Understand Fear as Modern Curiosity

As a child I was taught to always be curious, but never too curious.

Things in this great wild world we live in tend to be mysterious and beautiful, with a subduction that can draw a young child in. Especially, one like myself, who was more often than not free to roam the outdoors unaccompanied for hours on end.

Detail of new work in the studio, January 2017.

A majority of my childhood up until I started high school was spent outdoors. I remember living in Louisiana and my brother and I getting our first TV, a small heavy box of a thing with a screen about the size of a standard sheet of writing paper. It went in his room, because he had the bunkbed but we were only ever allowed to watch it after we had finished our homework and gone outside for a bit. Honestly, I think my mother just needed a break from us, but back then going outside was not as dangerous as it is today. My family lived on a military base and it was completely normal for a group of like aged kids to walk the streets until the lights came on. All the families dads and mothers probably worked together on base in some way, and it was customary for parents to feed each others kids snacks in a kind of unspoken agreed upon rotation. Today that would never happen. I remember there being some houses that I was told not go inside of, even though I was friends with the kid that lived there, but these were just rules I followed. The woods were a different story. Rules did not apply the same way they did while in the neighborhood. It was all up to me to keep myself safe, aware, and alive. It may sound a bit of a exaggeration, but some of the things I did as a a child should and very well could have killed me. Jumping off the water tower with a rope around my waist, climbing into the sewer during a thunder storm, shooting bottle rockets at other kids in a game of war---the list goes on and on.

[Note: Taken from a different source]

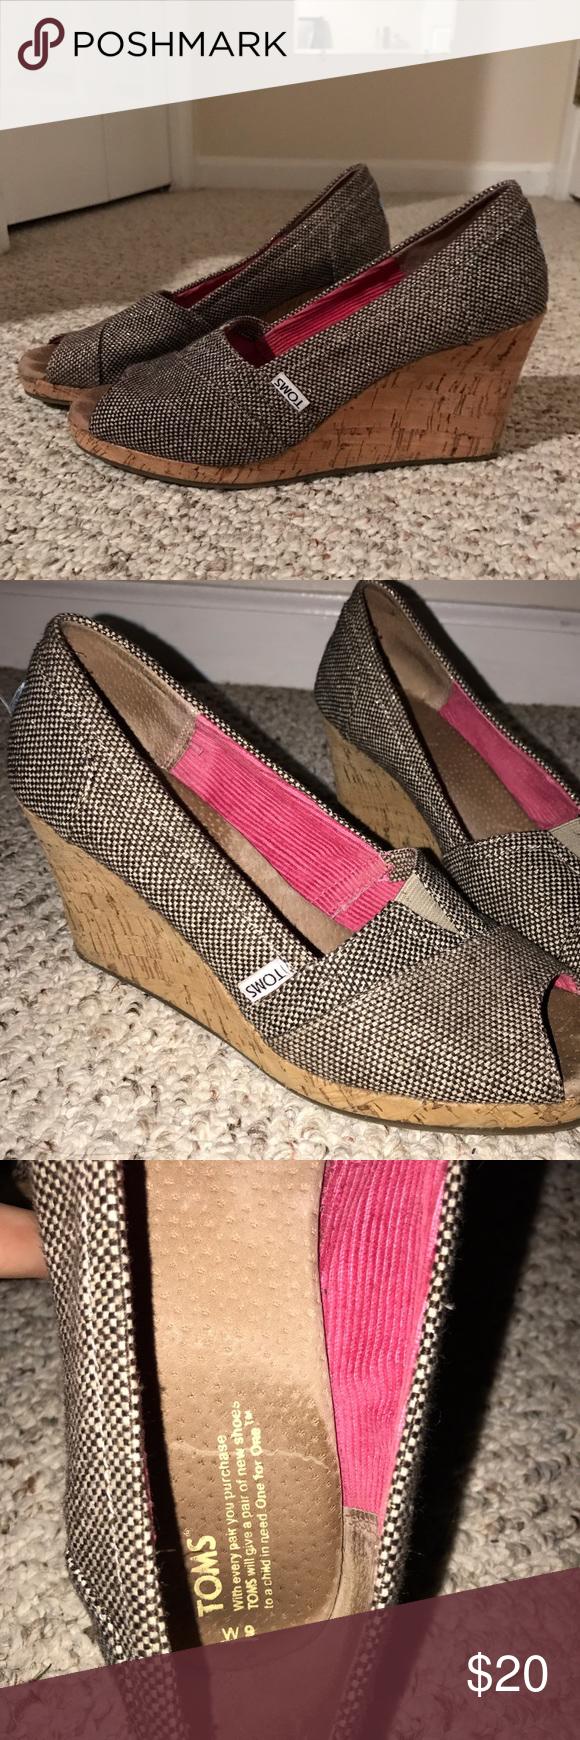 Tom's Calypso Women's Size 9 Peep toe wedge heels Tom's Calypso Women's Size 9. Brown beige tweed fabric canvas uppergold color metallic thread accents. Peep toe slip on shoes 3. 5
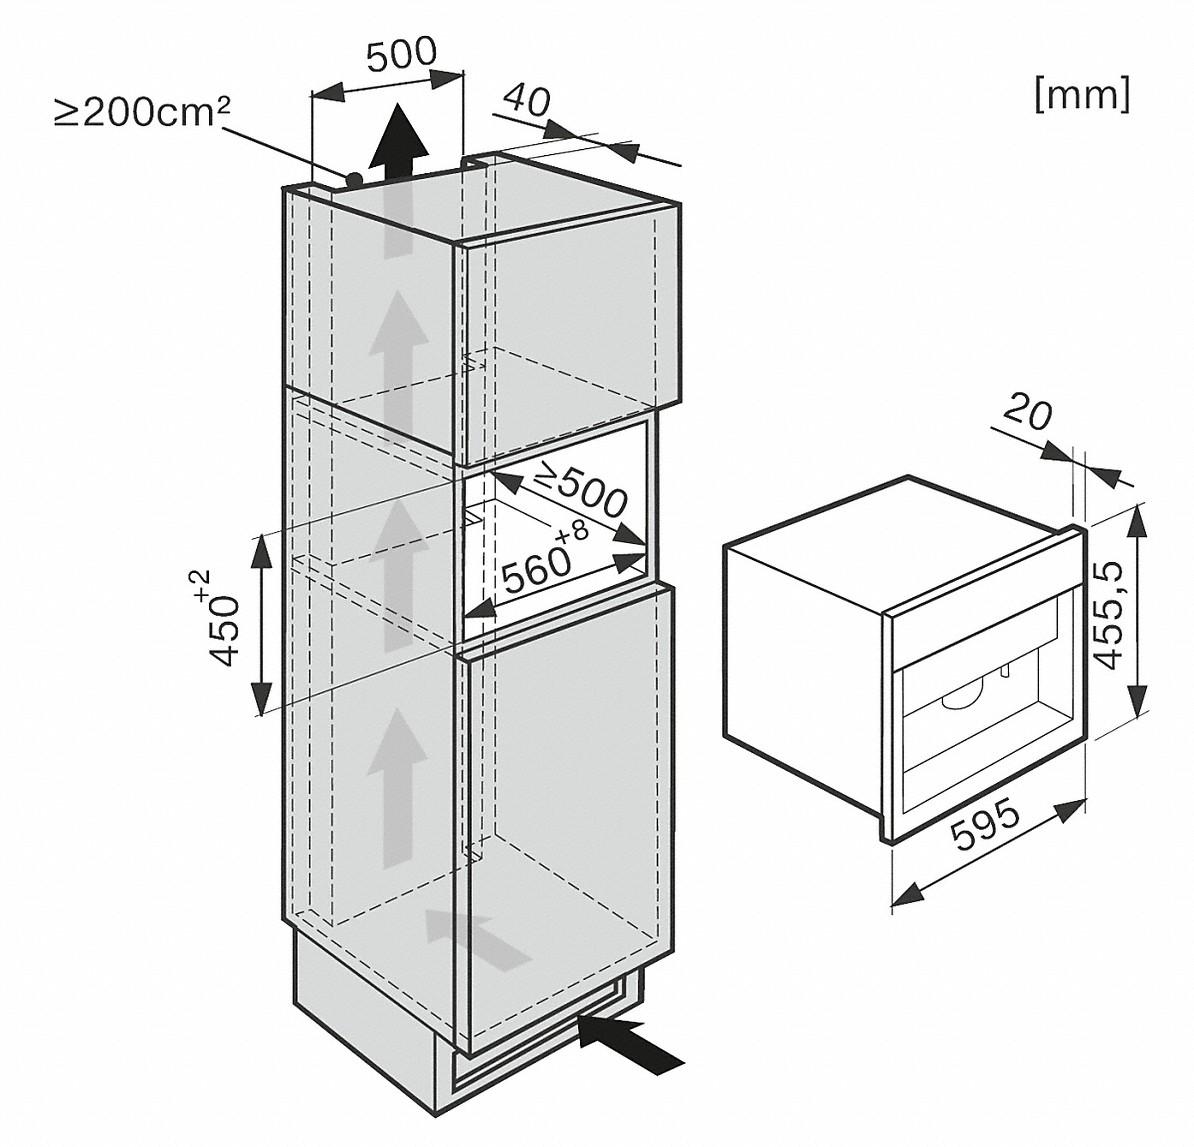 miele koffieautomaten cva 6800 inbouwkoffiemachine. Black Bedroom Furniture Sets. Home Design Ideas

What I am getting at here is that "sense of curiosity" and what it does for an artist. In the woods, particularly in Louisiana, Alabama, and Georgia---there are plenty of beautiful, colorful, and eye catching things in nature that can hurt you and still be so interesting. My professor Jeff explained to me that in my work there has still got to be some hope, something that gives the viewer a sense of curiosity and most importantly hope. Snakes, spiders, and four legged things are not the things that give people hope and are the more obvious ones people list off when they talk about dangerous creature sin the woods; which is why I was always interested in the smaller more unassuming plants and critters that were around me. Bugs, mushrooms, creepy crawlies, ivies, fungi, and what lived in the ground where smaller than me so I guess I was more curious than afraid. These things were just as dangerous as the larger counterparts but without fail I collected them in glass jars like the old Victorian glass terrariums seen below, and brought them home. Only to then get scolded by my mother for bringing them in the house. But I loved them. Loved them to the point where I'd create tiny habitats for the critters I captured, only to have them die after a week or two of captivity despite my best efforts.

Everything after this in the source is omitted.